The research highlights the risks associated with legacy contaminants, as well as the urgency of protecting the environment as new issues surrounding other classes of persistent chemicals, such as per- and polyfluoroalkyl substances (PFAS), emerge. Aga says that once persistent pollutants become pervasive in water and soil, it’s very difficult to get rid of them.

The new study shows how long-banned chemicals continue to jeopardize the health of Great Lakes ecosystems.

“We can’t say that all the chemicals we’re seeing in the birds are coming from the Great Lakes, as the birds migrate and could be accumulating these compounds in other places along their migration route, too,” Travis says. “But the specific types of PCBs and PBDEs we’re seeing in the emerald shiners is similar to what we’re seeing in the birds. This pattern of chemical concentrations suggests that pollution in the Great Lakes region is the source of at least some of this contamination.

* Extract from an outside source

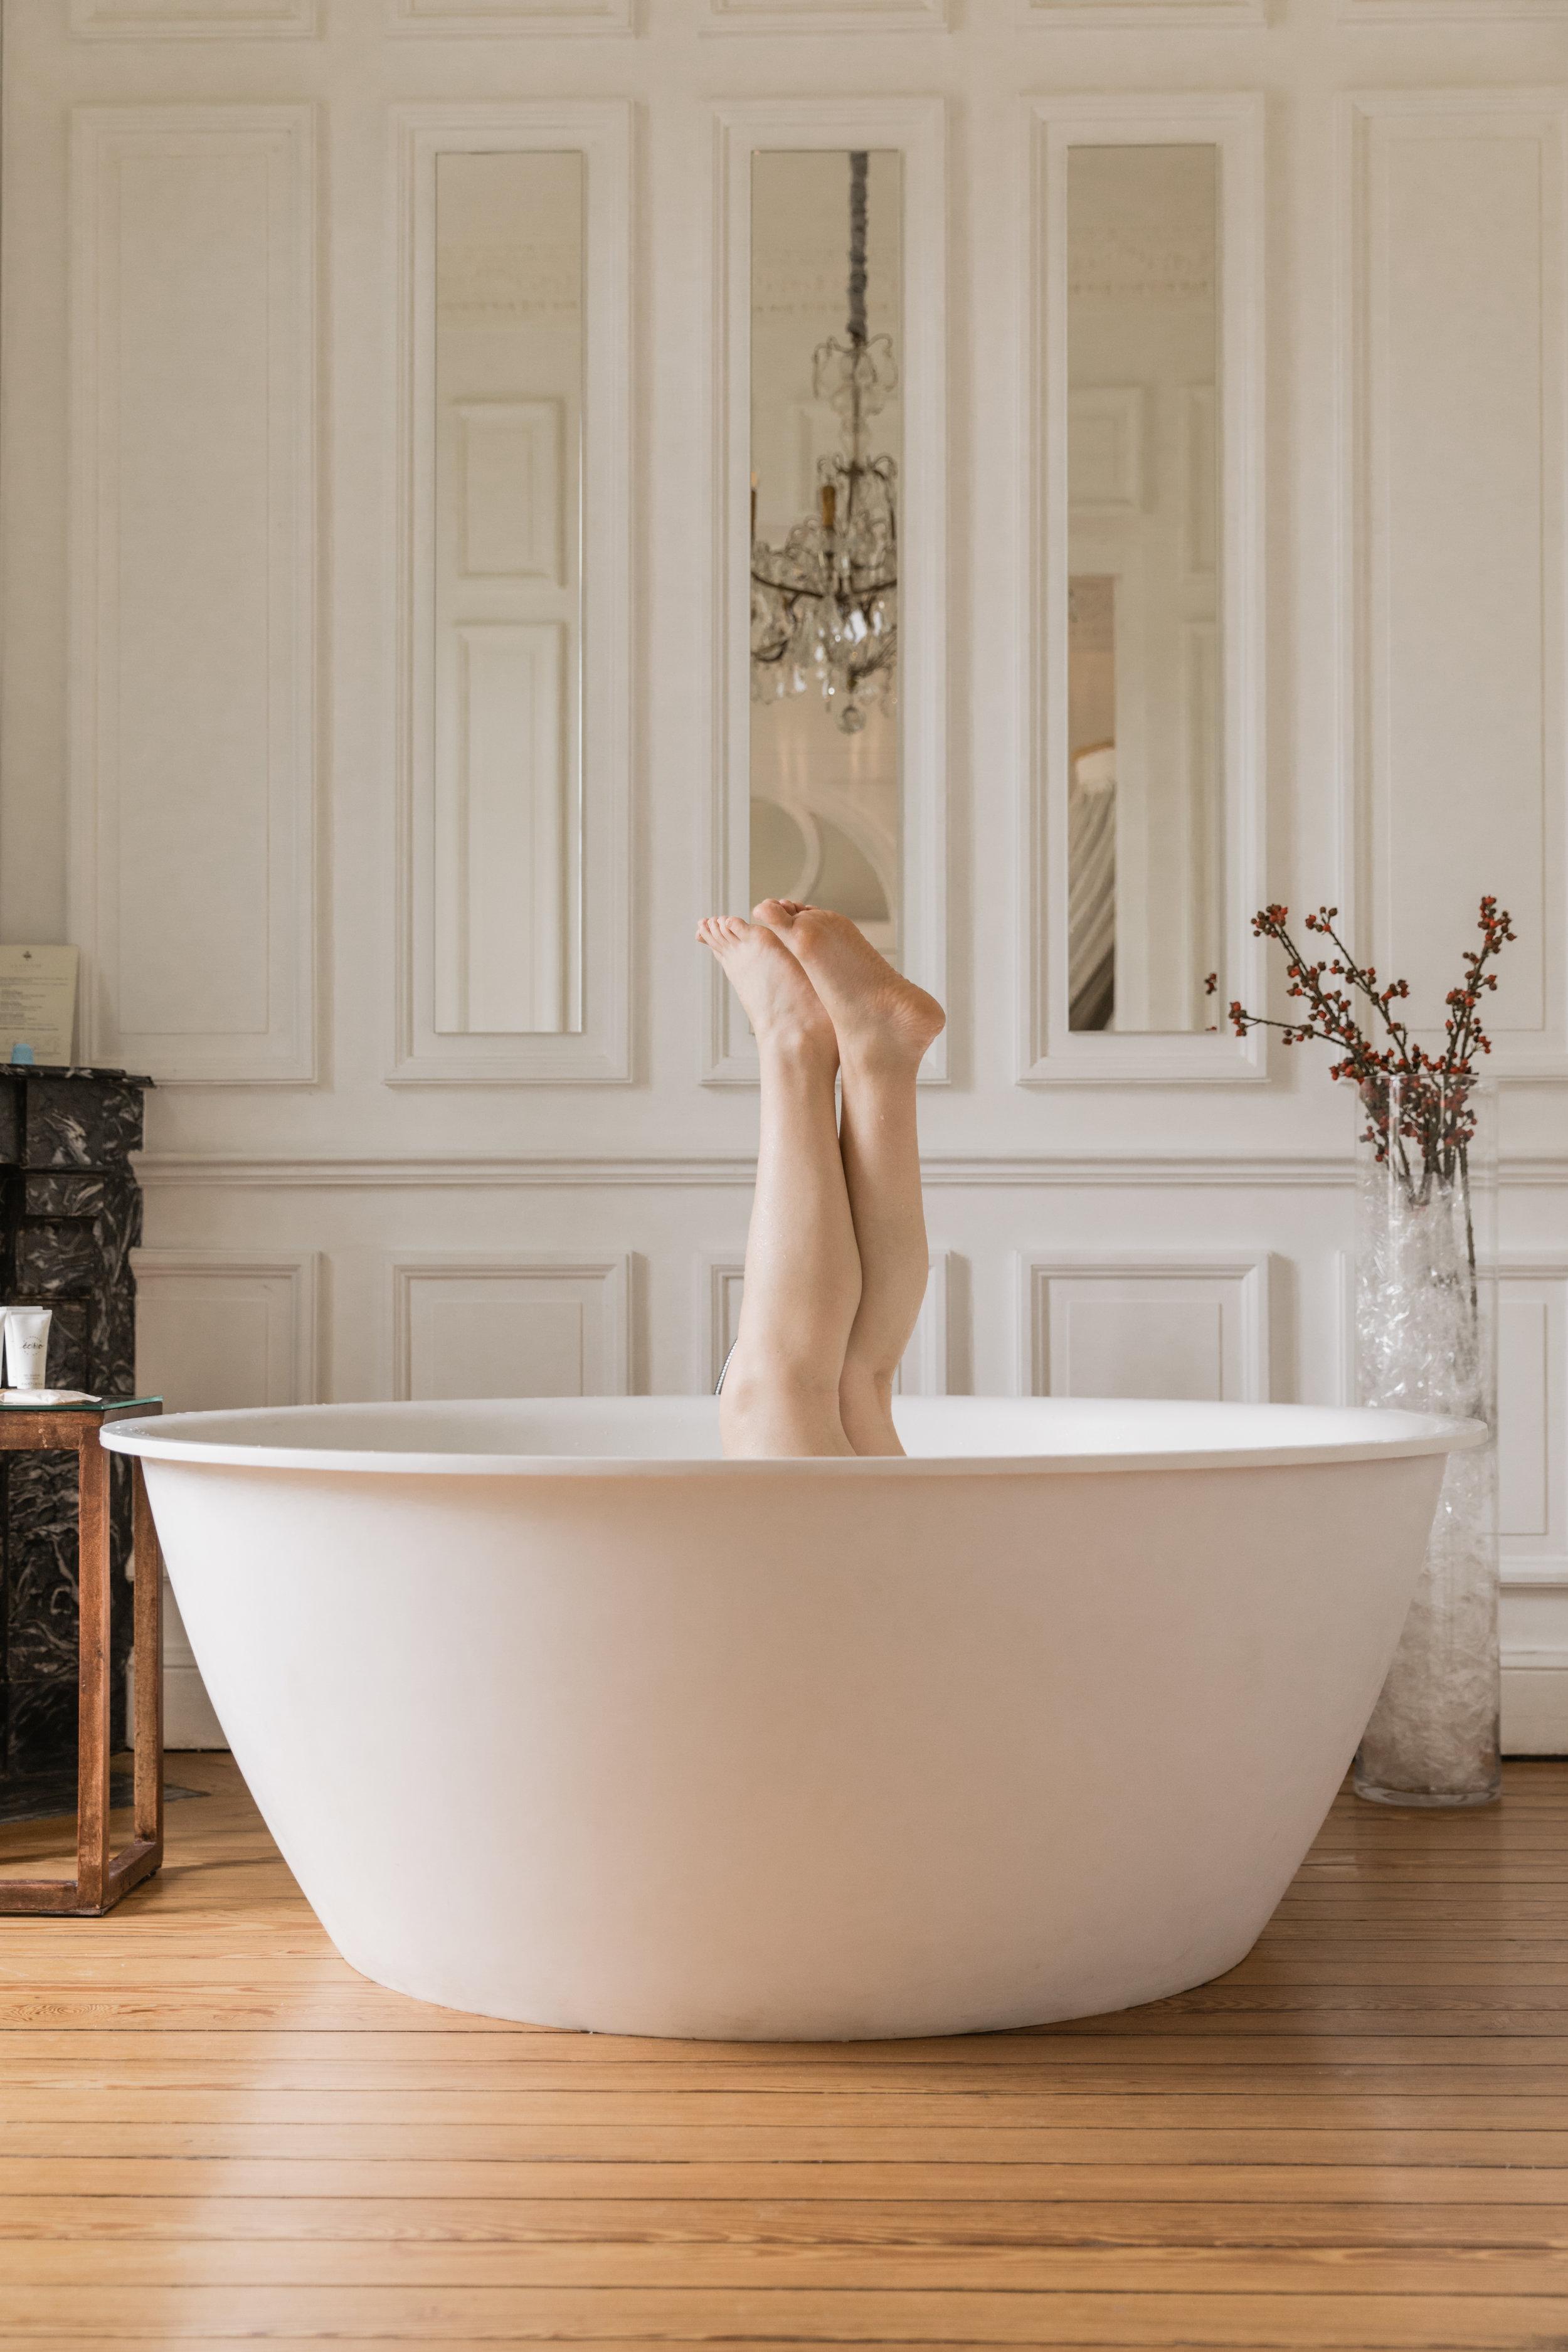 Marie_bathtub-3.JPG

“One positive outcome of the study is that we only see the metabolite of DDT, called ‘DDE,’ in the fish. This likely indicates that there aren’t new sources of DDT being introduced to Lake Erie and the Niagara River, and that the DDT that was there is breaking down.”

Additional coauthors from State University of New York Buffalo State contributed to the study, which appears in Environment International.

The New York State Department of Environmental Conservation supported the research through collection of tern samples, which consisted of common terns that died through natural causes. The SUNY Buffalo State Great Lakes Center supported the study through collection of emerald shiners and other contributions. Additional support came from the University at Buffalo Mark Diamond Research Fund and Greenway Ecological Standing Committee.